A weight pulled the rope taut. Lord Stansted's white face emerged from the gloom, his red hair darkened to umber in the moonlight. He had the linen wrapped around one hand.
"It's not the drink, believe me. Claret would never upset my innards."
"No, I suppose not," Dominic replied. "When wine refuses to settle in your belly like a gentle old dame dropping into her armchair is when we shall see wonders. But if you're not too foxed, sir, you have no excuse. Come on! This is the easy part." He reached down a hand. "You're almost there."
Gloved fingers reached up and the men's hands locked together.
As Dominic took his weight Stansted lurched, his feet slipping with a dreadful clatter. A broken piece of stone careened away into the darkness. Losing the rope, Stansted's other hand slid across the slates.
"By God! Dominic!"
Strain burned across his shoulders and back as Dominic braced against the iron spike. Pray God it wasn't rotten, too!
"You would have been advised, sir," he said, allowing himself the ghost of a smile, "to have left off your damned boots."
The spike held. Dominic pulled steadily. Lord Stansted arrived at the top of the steeple.
"By God, I almost went to meet my Maker that time." His voice shook. "How the devil do we get back down?"
Dominic ignored him. He pulled Stansted's handkerchief from its pocket and tied it to the spike. It was a deliciously precarious moment, to take both hands from their grip and balance on his toes, his knees braced against the roof, while he tied the knots. An odd, breathless irony scintillated about the moment—to be this close to death now, for God's sake, after surviving so much—when he could have been safely entertaining some eager lady in her bed. There were unquestionably easier ways for a half-pay officer to support himself, besides risking his worthless life in absurd wagers.
But he was not quite ready to die.
Though Stansted had no idea of it, this gamble was a stone dropped in a pool.
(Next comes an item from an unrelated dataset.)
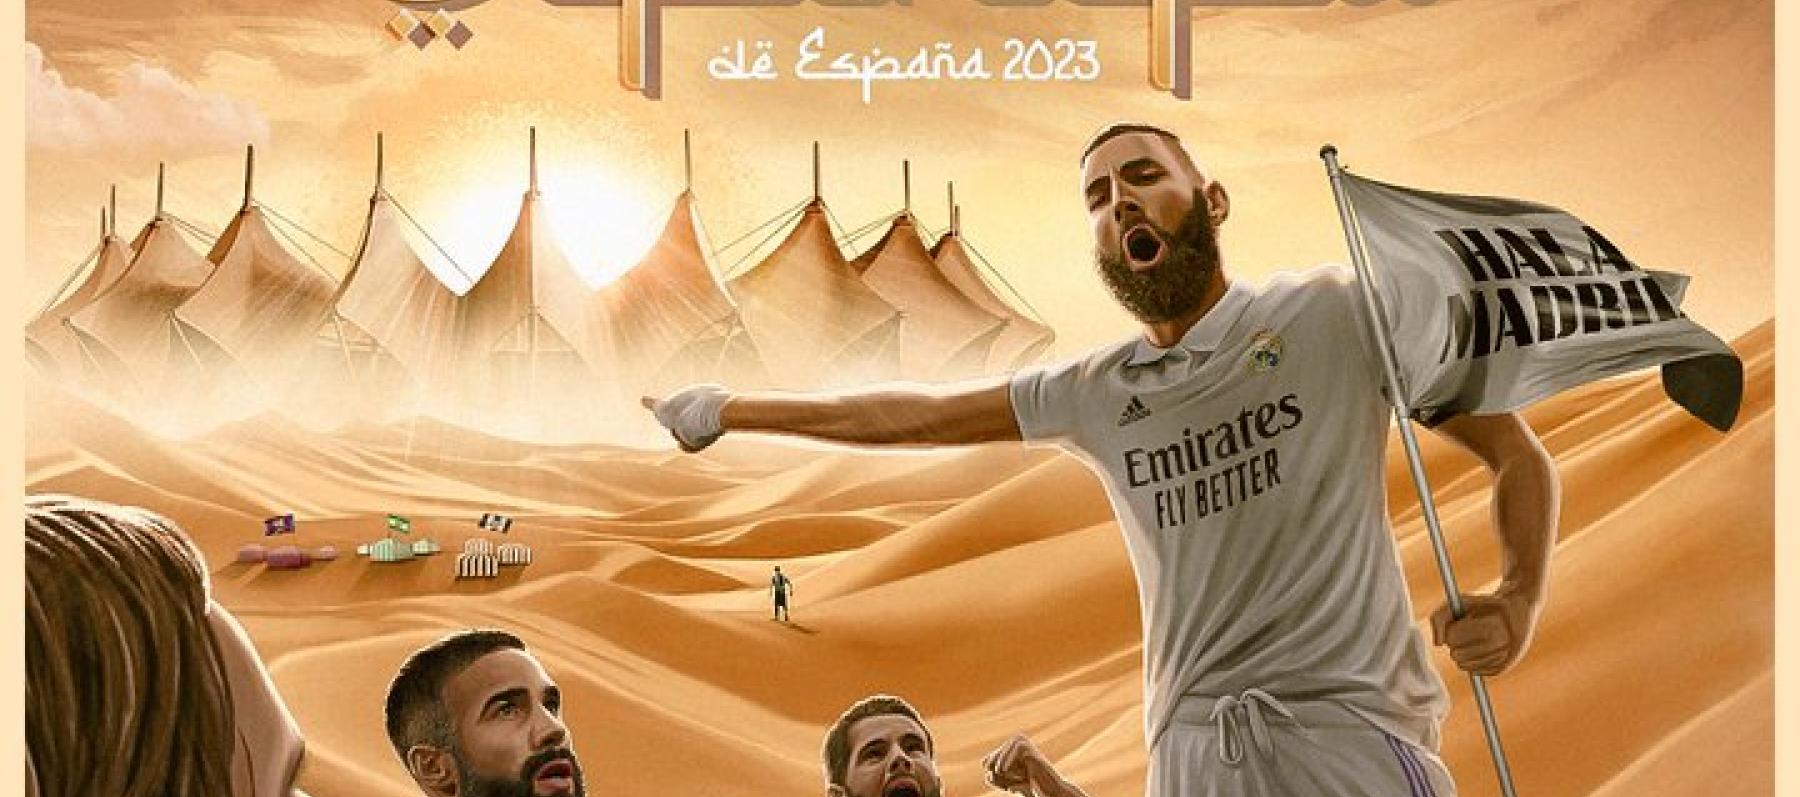 بوستر ريال مدريد لكأس السوبر في الرياض - تويتر

While the shock waves filled his empty purse and the splash might bring Stansted his heart's desire—the small ripples embodied the one reason Dominic had to live.
With wry gratitude, he returned one hand to the iron spike. "Do you know, I don't believe I was ever in a more peaceful spot. It soothes my troubled soul to be so close to the heavens—like a medieval anchorite finding a place of repose in the chaos of the times." He looked up and studied the stars. "Do you think I am destined for heaven? A matter for some debate, perhaps?"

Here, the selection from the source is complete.